Выбрать главу

Итак, по современному миру бродит призрак не столько коммунизма, сколько неопределенного предмета, напоминающего непонятно что. Сегодня особенно важно осознать изначальную призрачность опыта как главное условие самой истории и оценить потенциал вероятностной логики, концепций саморегулирующихся сложных систем и скрытых переменных. Полезно сделать предметом исторического изучения формы проявления фантомной реальности в культуре и способы их усвоения личным и общественным сознанием. Хорошие возможности для такого исследования предоставляет и эволюция больших стилей культуры, которые, по меткому замечанию Г. Башляра, развиваются из «семян сновидений». Такая работа будет благодатна для России, ибо в условиях ускоренного капиталистического развития и ослабления идеологических зажимов русские будут все настойчивее вызывать из небытия своих «родных призраков», образы России будут быстро множиться. Для этого не требуется никаких «проектов» и «бюджетов», тем более никакой пропаганды. Достаточно спонтанного высвобождения сознания. Вот где главный ресурс «брендирования» России, о котором сейчас так много говорят.

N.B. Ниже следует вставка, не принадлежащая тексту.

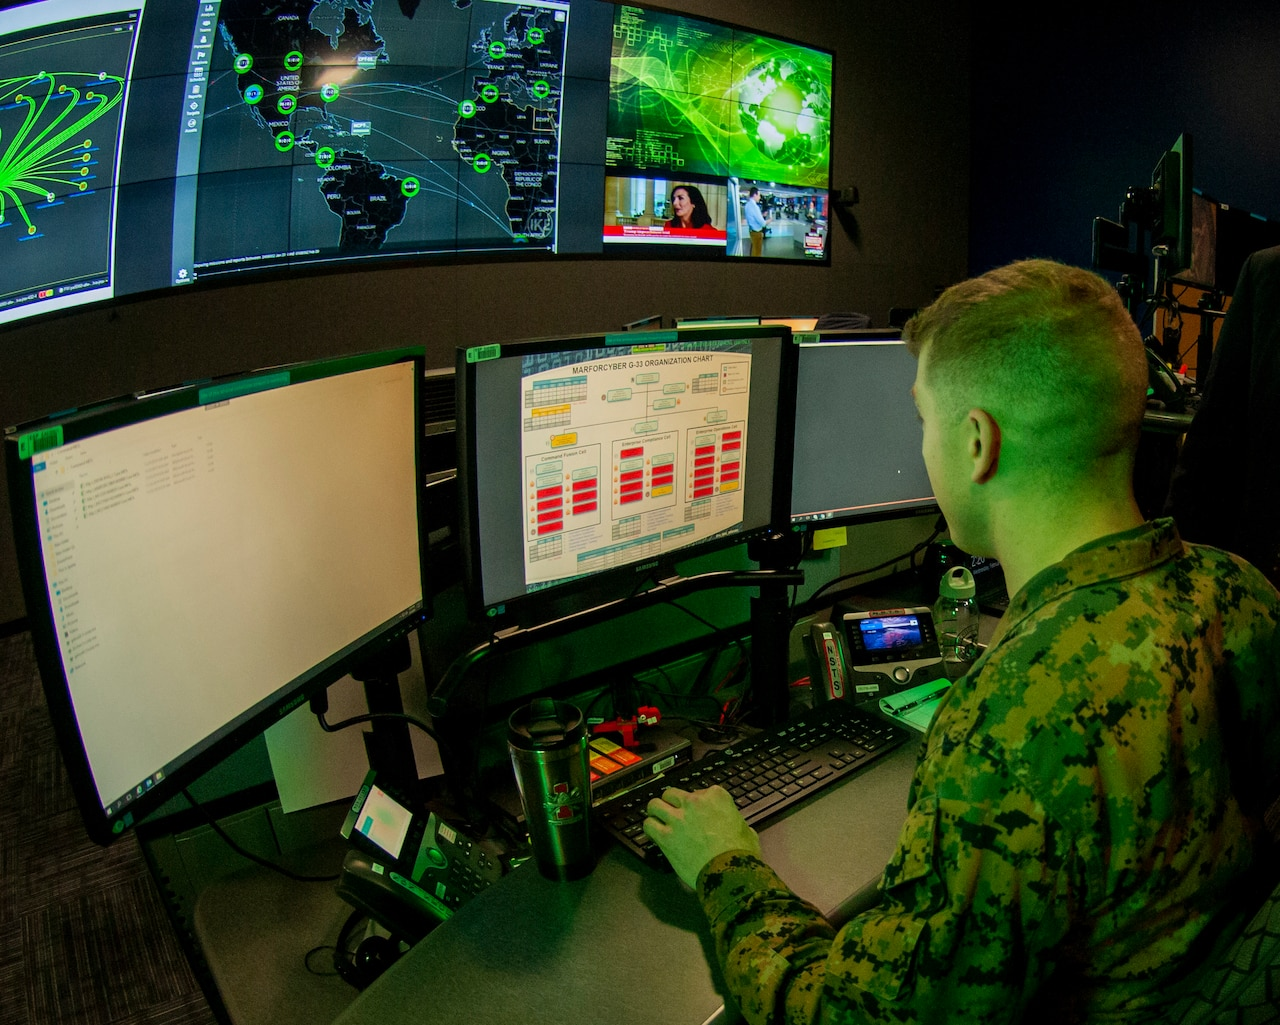 A Marine operates a computer.
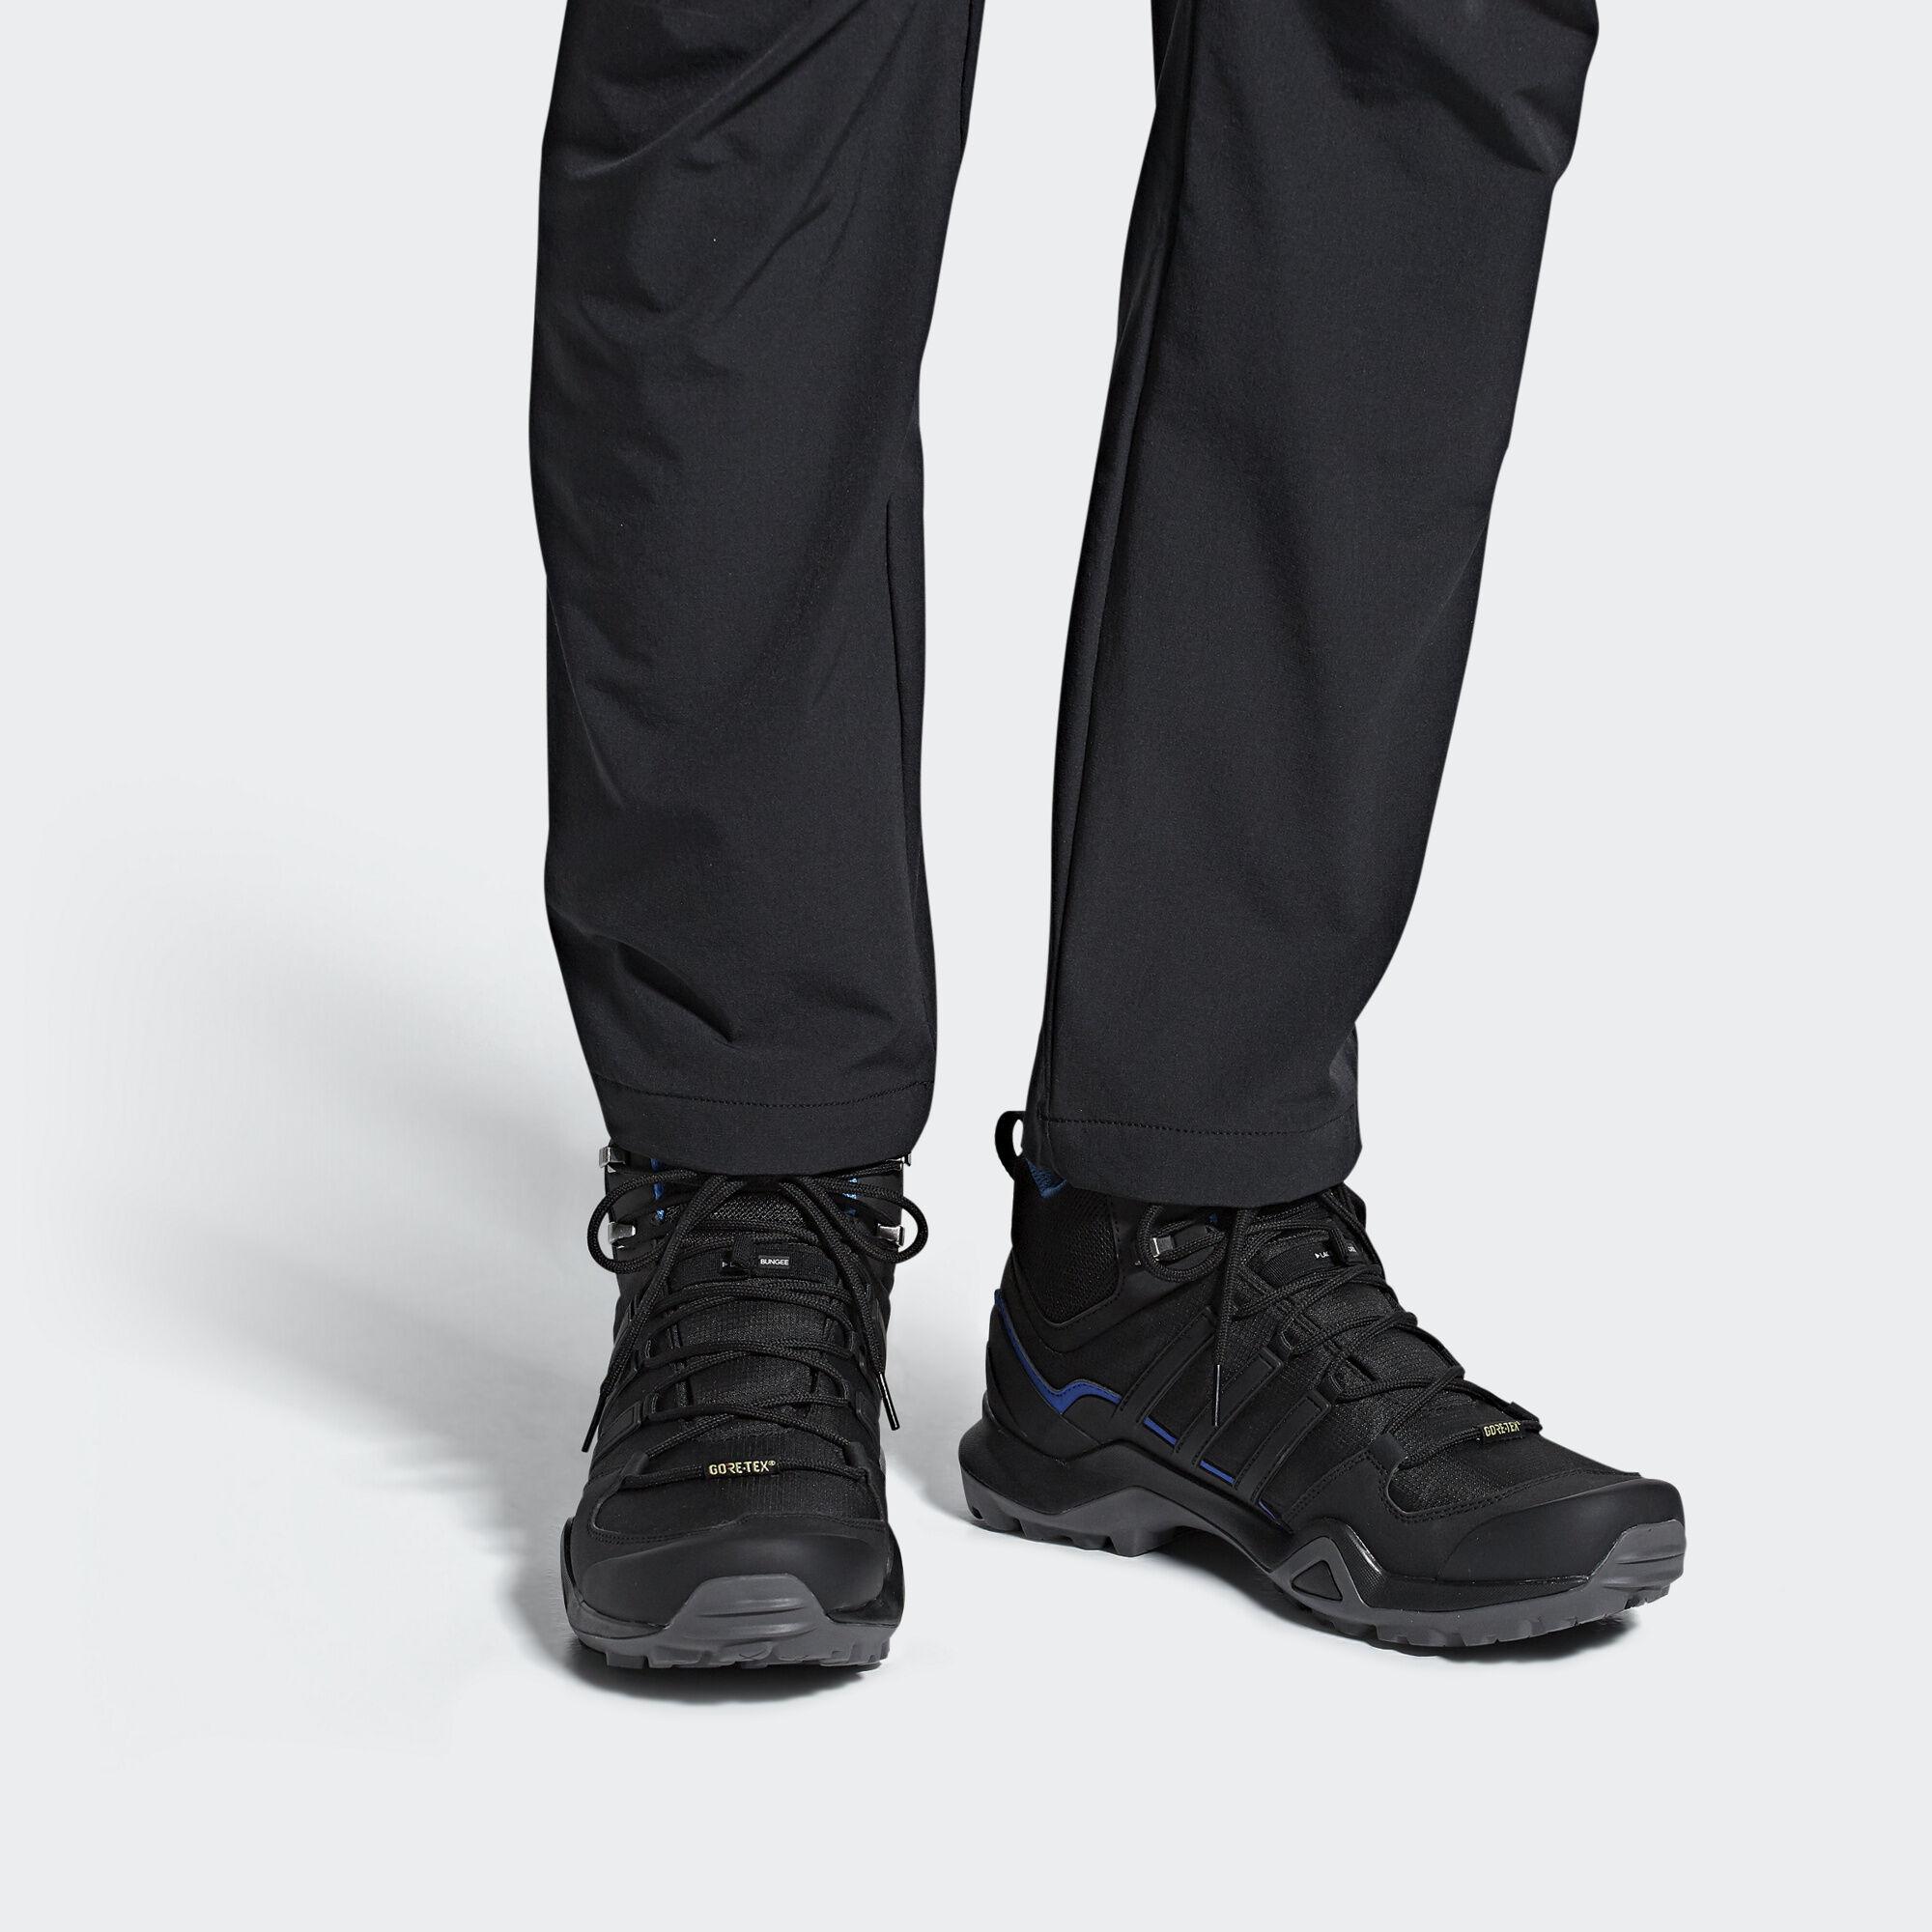 7be151b08d8 adidas Terrex Swift R2 Mid GTX Shoes - Black

Именно потому, что фантомный субстрат опыта регулируется не логическими процедурами, а чистой временностью, всегда погружен в поток саморазличения и не имеет идентичности, он делает возможной отсутствующую преемственность в истории. В его свете люди разных эпох становятся совопросниками одного века, и череда поколений, говоря словами Паскаля, претворяется в «одного человека, который непрерывно учится» (учится… терять!). Настоящие «уроки истории» состоят не в том, чтобы истории подражать, а в том, что история позволяет открыть в своей текучести нечто непреходящее: саму фактичность факта, нечто сущее только «здесь и сейчас». В традиции нет никакой субъективности, никакого авторства хотя бы потому, что на высшую цельность нельзя воздействовать, ей можно только следовать, ступая по следам предков. Традиция держится преемствованием сокрытости – хотя бы так, как это представляли себе древние римляне, объяснявшие смысл своей латыни (latine) через слово «скрытый» (latens). Язык традиции – всегда тайнопись, выписываемая к тому же быстро испаряющимися чернилами. Отсюда свойственный традициям Востока акцент на «тайной» и «устной», т. е. неотделимой от текущих обстоятельств и даже телесного бытия личности, передаче истины.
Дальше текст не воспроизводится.